Is there any information about the class?
I prefer to read my homebrew on this site, especially since GMBinder and Homebrewery have a habit of formatting pages in a way that I can't read them.

But right now, I know literally nothing about this class. It's not worth going to the link. Is it a class theme I'd like? Does it have cool mechanics? I have no idea.

----------


## BerzerkerUnit

As a concept this has some legs.

I have a terrible habit of rethinking another creator's entire idea.  But it's the only kind of feedback I can give so here goes:

It's incomplete.  As a rule I try not to present incomplete concepts for feedback unless I want something that's collaborative. 

It looks like an atypical summoner.  With the host of summon spells we have for 5e and the fact this seems to use a concentration mechanic, I think it might be easier to adopt an existing mechanic that tweaks the existing summons.  I'd then probably use existing DND figures, Lord Soth, Raistlin, Strahd, etc for the story bases.

I don't doubt making this a half caster would probably fill out the kit some, focus on the bard list with tidbits from others for subclasses.

Alternatively, it feels very much like making it a pet centric Bard subclass could do some real wonders.  Using the new 1DD format (feature at 3, 6, 10, 14) like everyone else could expedite the process of getting a character idea playable in the short term.

3rd
Bonus Spells
Find Familiar
Summon Beast
Summon Undead/Fey
Summon Aberration, Construct
Summon Dragon/Conjure Elemental

3rd Bring Story to Life- 
When you cast a spell granted by this subclass you can expend bardic inspiration die to transform it into a heroic exemplar of its type.  This enhancement remains for the duration of the spell.  When the summoned creature is destroyed or the spell ends, you regain the bardic inspiration die.

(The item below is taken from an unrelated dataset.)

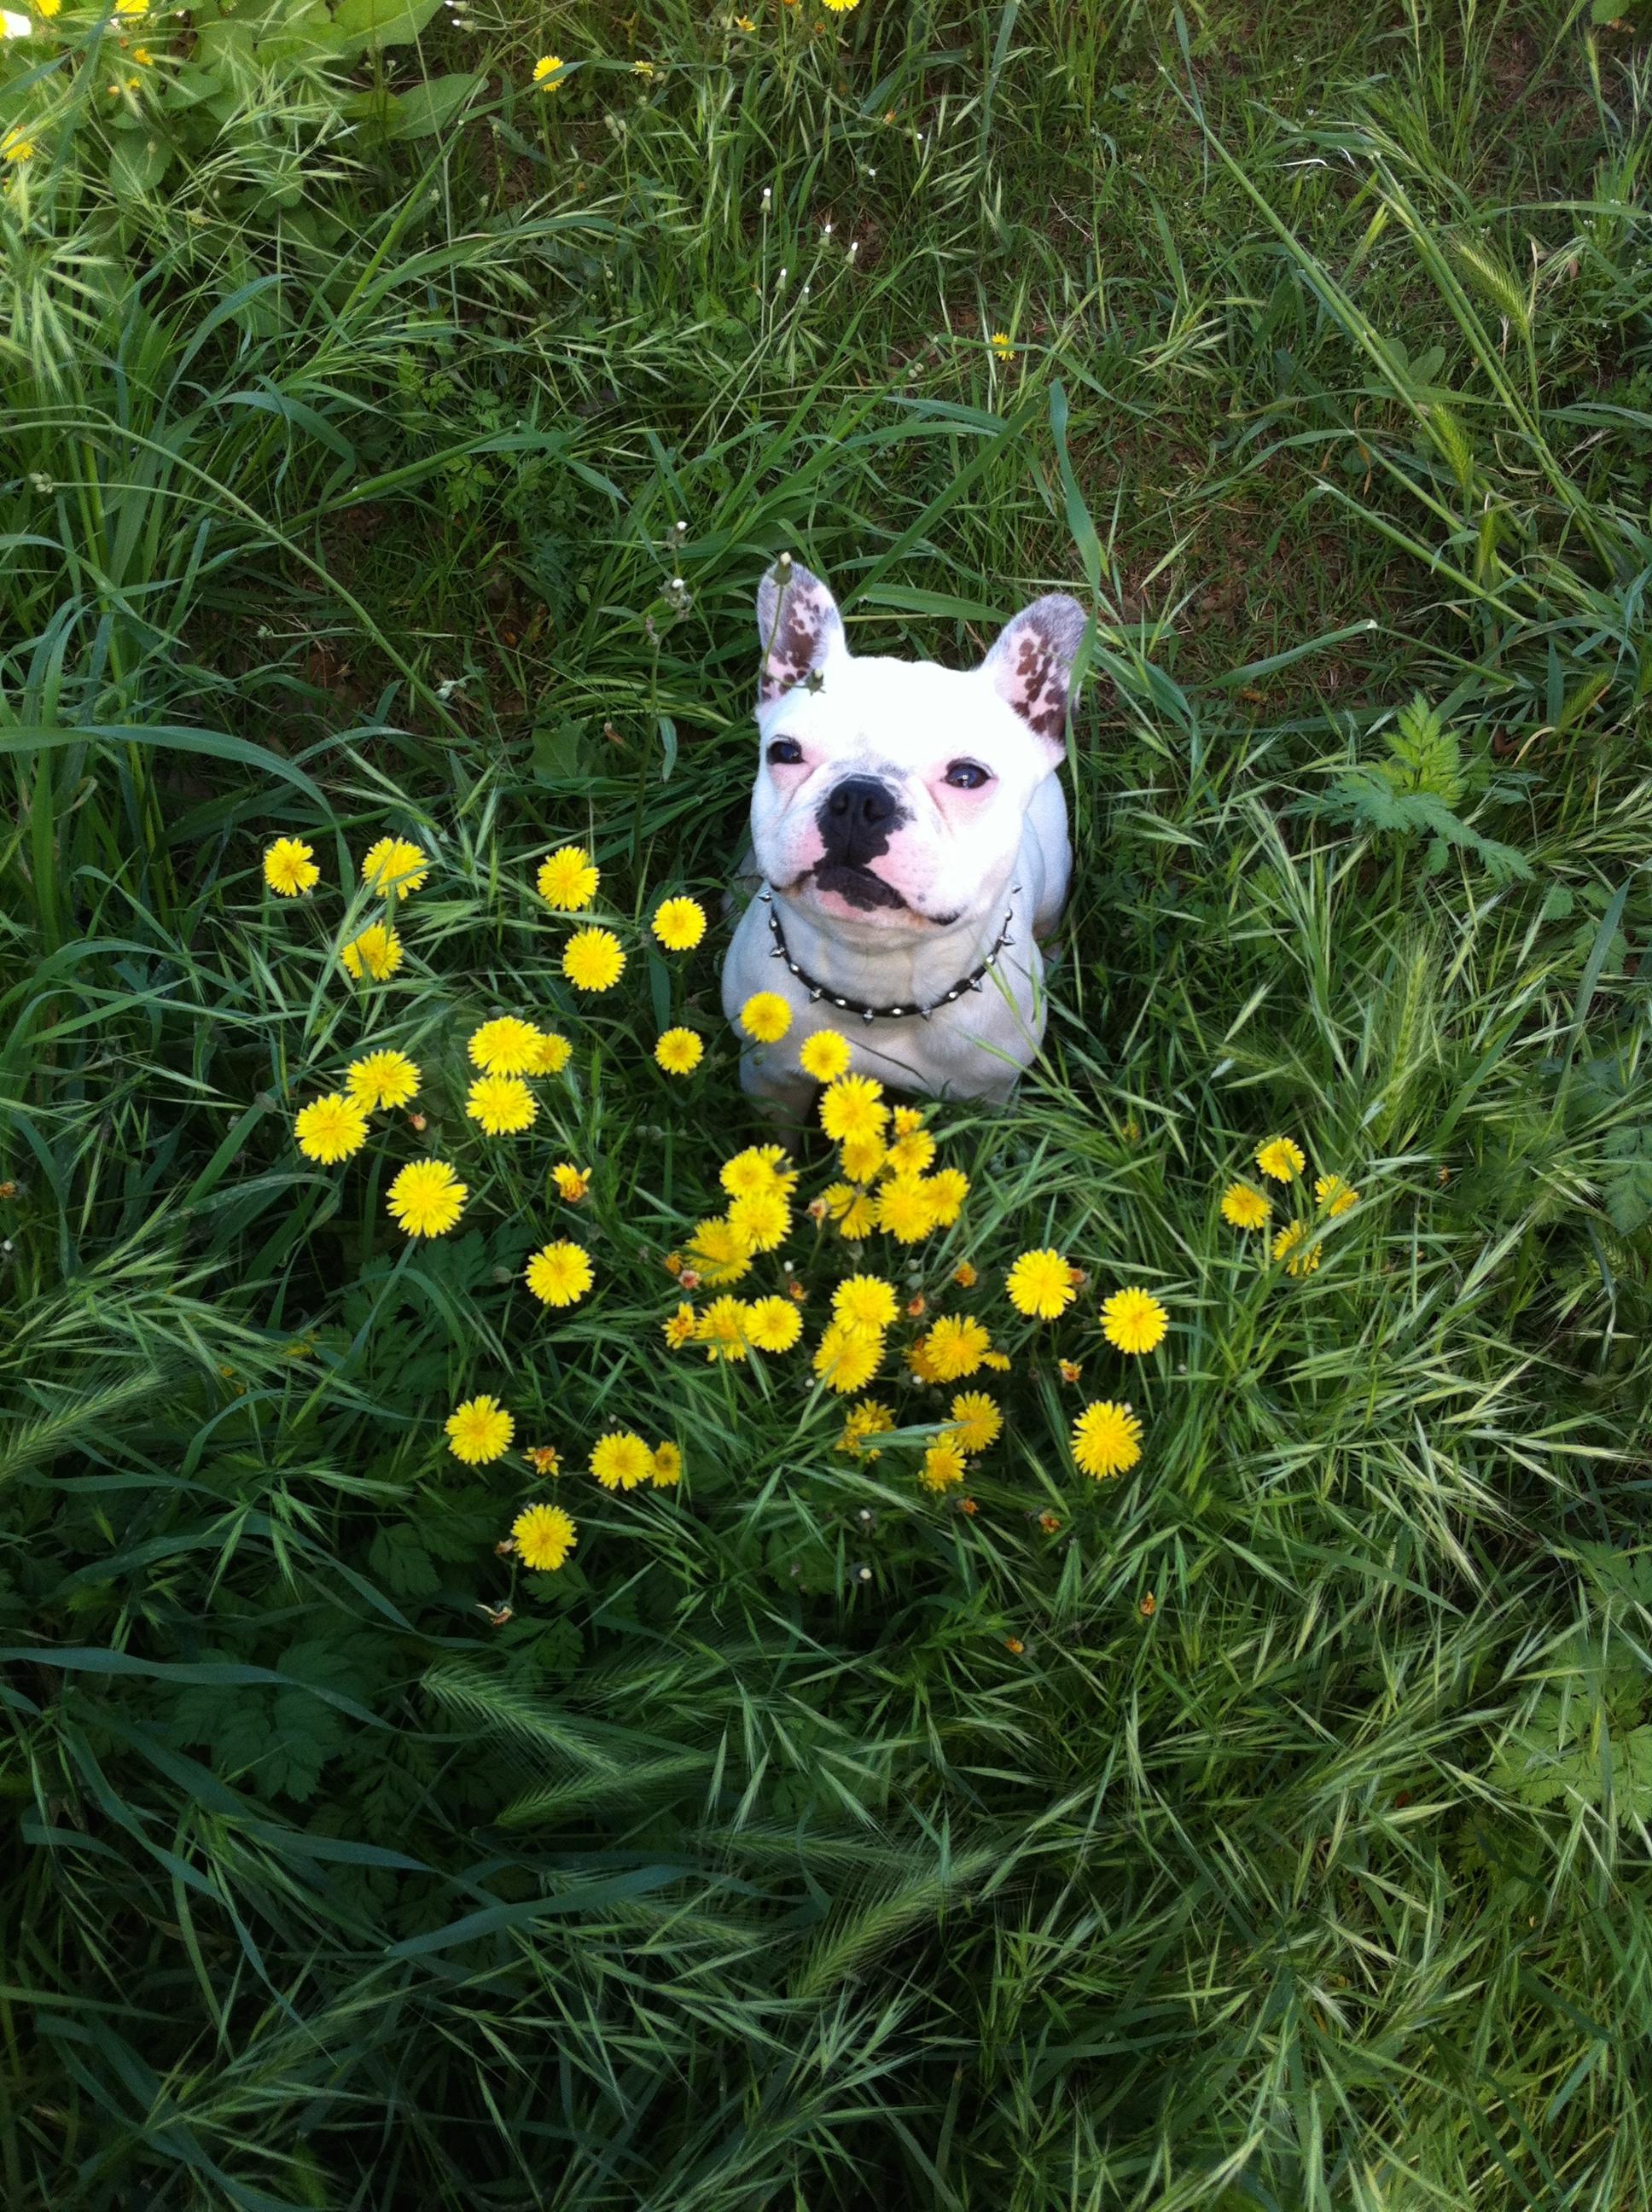 Perri in the grass

Familiar- Warlock familiar type with attack option
Beast- add inspiration die to damage and give beast a semi humanoid form (adds an ounce of utility)
Undead- heals for bardic inspiration die hp 1/turn on a hit
 and so on

6th- Tall Tale
When you summon a creature with a spell granted by this college it can be one size larger than normal.

10th- Histories Collide
Summon two at once but reduce duration of both to 1 minute.  1/day

14th- Epic Heroism/Villainy
When you summon a creature with a spell granted by this college you may grant it the name of a figure so famed and well known it invokes zealous resolve in allies or strikes mortal terror into foes.  The summoned creature can have an Aura of Heroism making allies within 10 ft if it immune to fear. Alternatively it can have an Aura of Fear forcing enemies that start their turn within 5 feet to make a Wisdom save vs your spell DC or become frightened.  You can use this feature a number of times equal to your Proficiency and regain all uses after a long rest.

----------